- Material supplied -
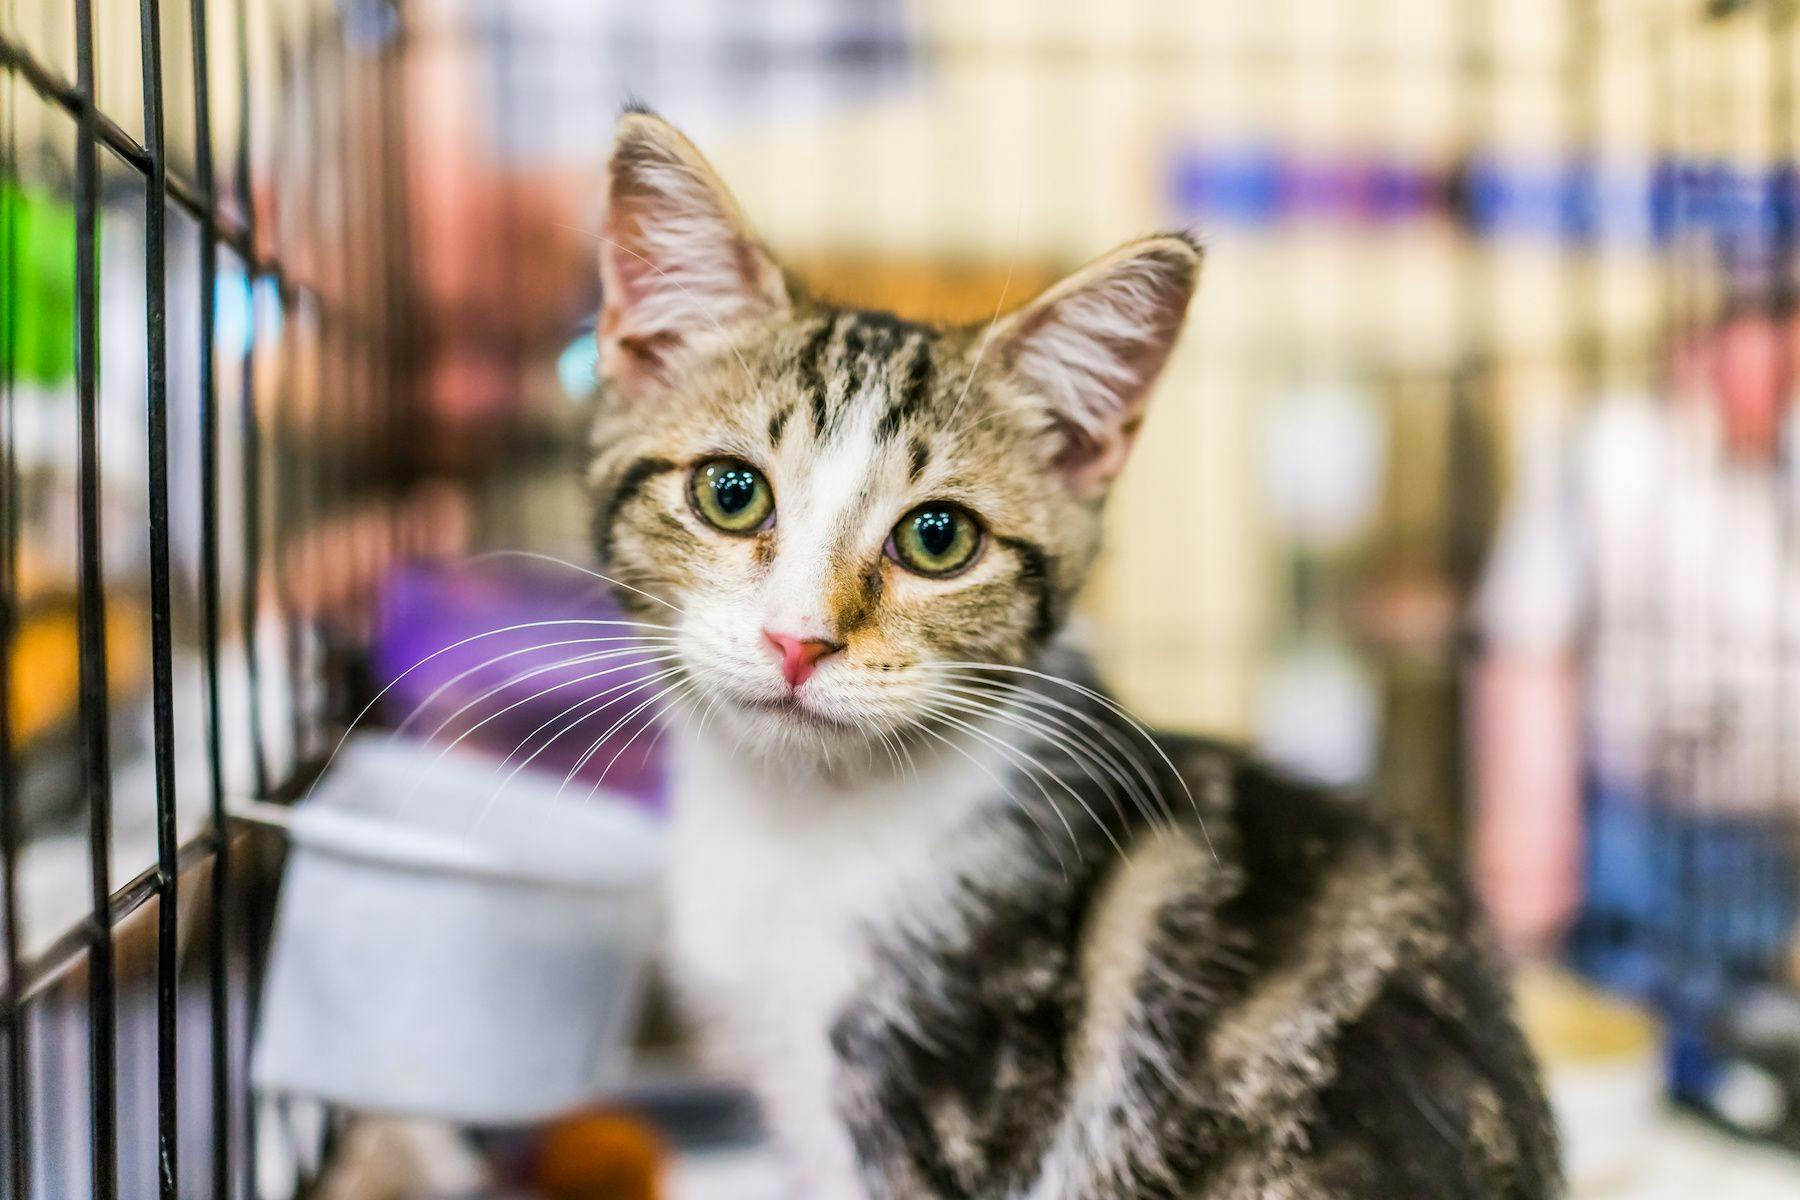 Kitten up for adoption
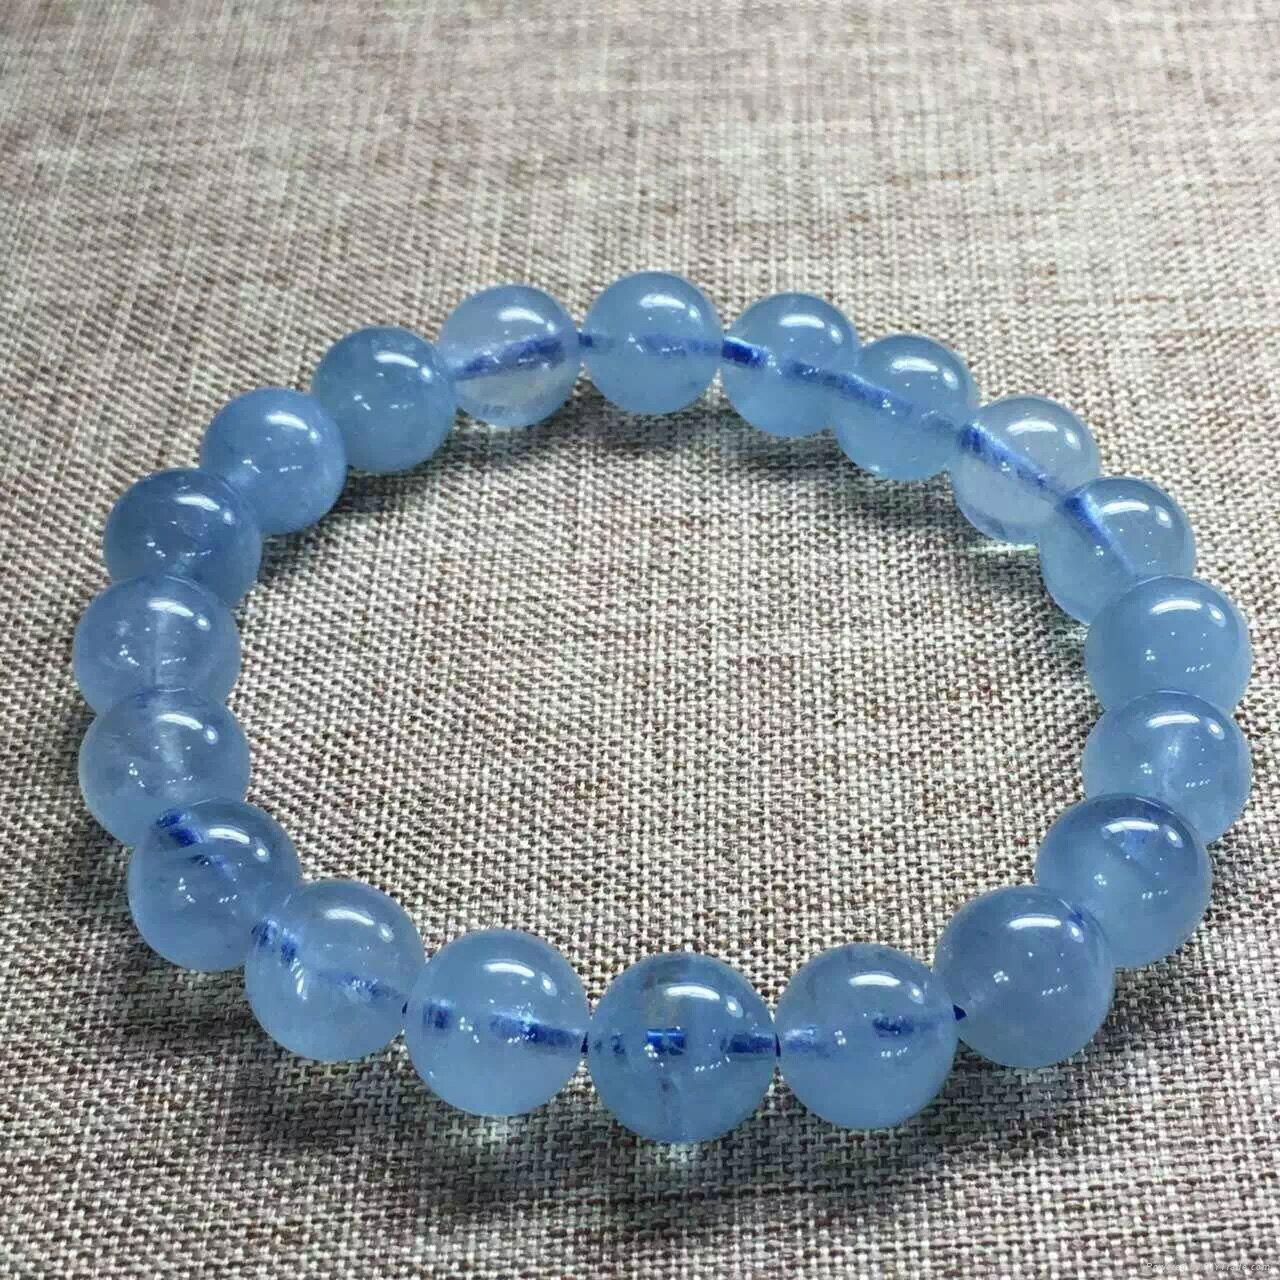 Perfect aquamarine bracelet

--

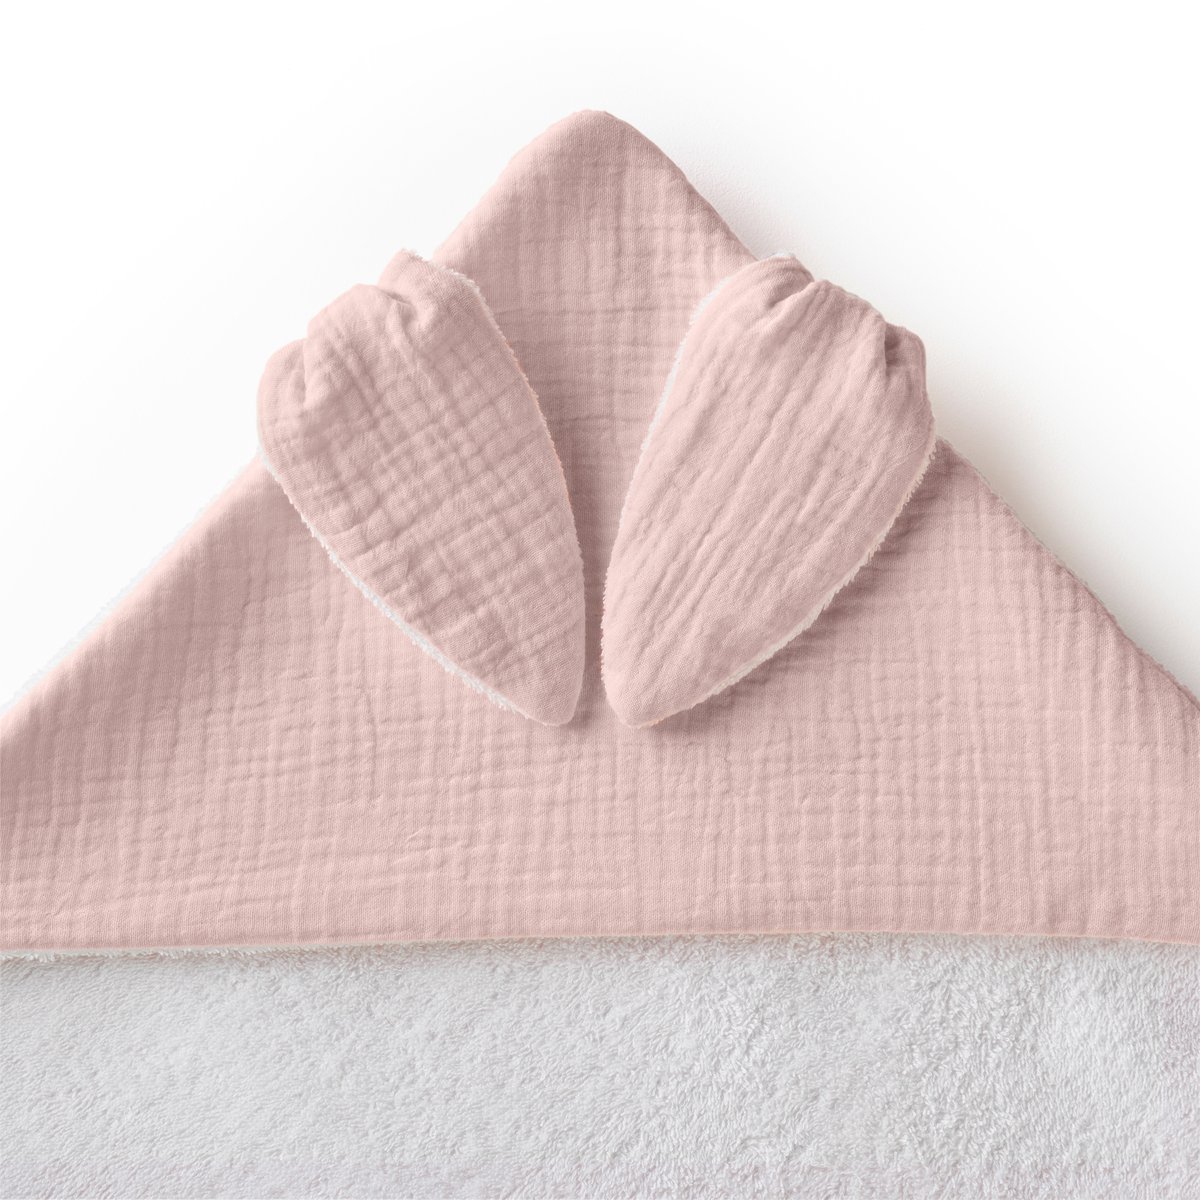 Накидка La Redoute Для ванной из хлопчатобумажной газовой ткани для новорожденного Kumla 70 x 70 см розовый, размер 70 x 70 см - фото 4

- Task -
I'd like the lines above repeated exactly, from the one that contains "Kitten up for adoption" through the one that contains "Perfect aquamarine bracelet", with no pictures.

- Written response -
 Kitten up for adoption
 Perfect aquamarine bracelet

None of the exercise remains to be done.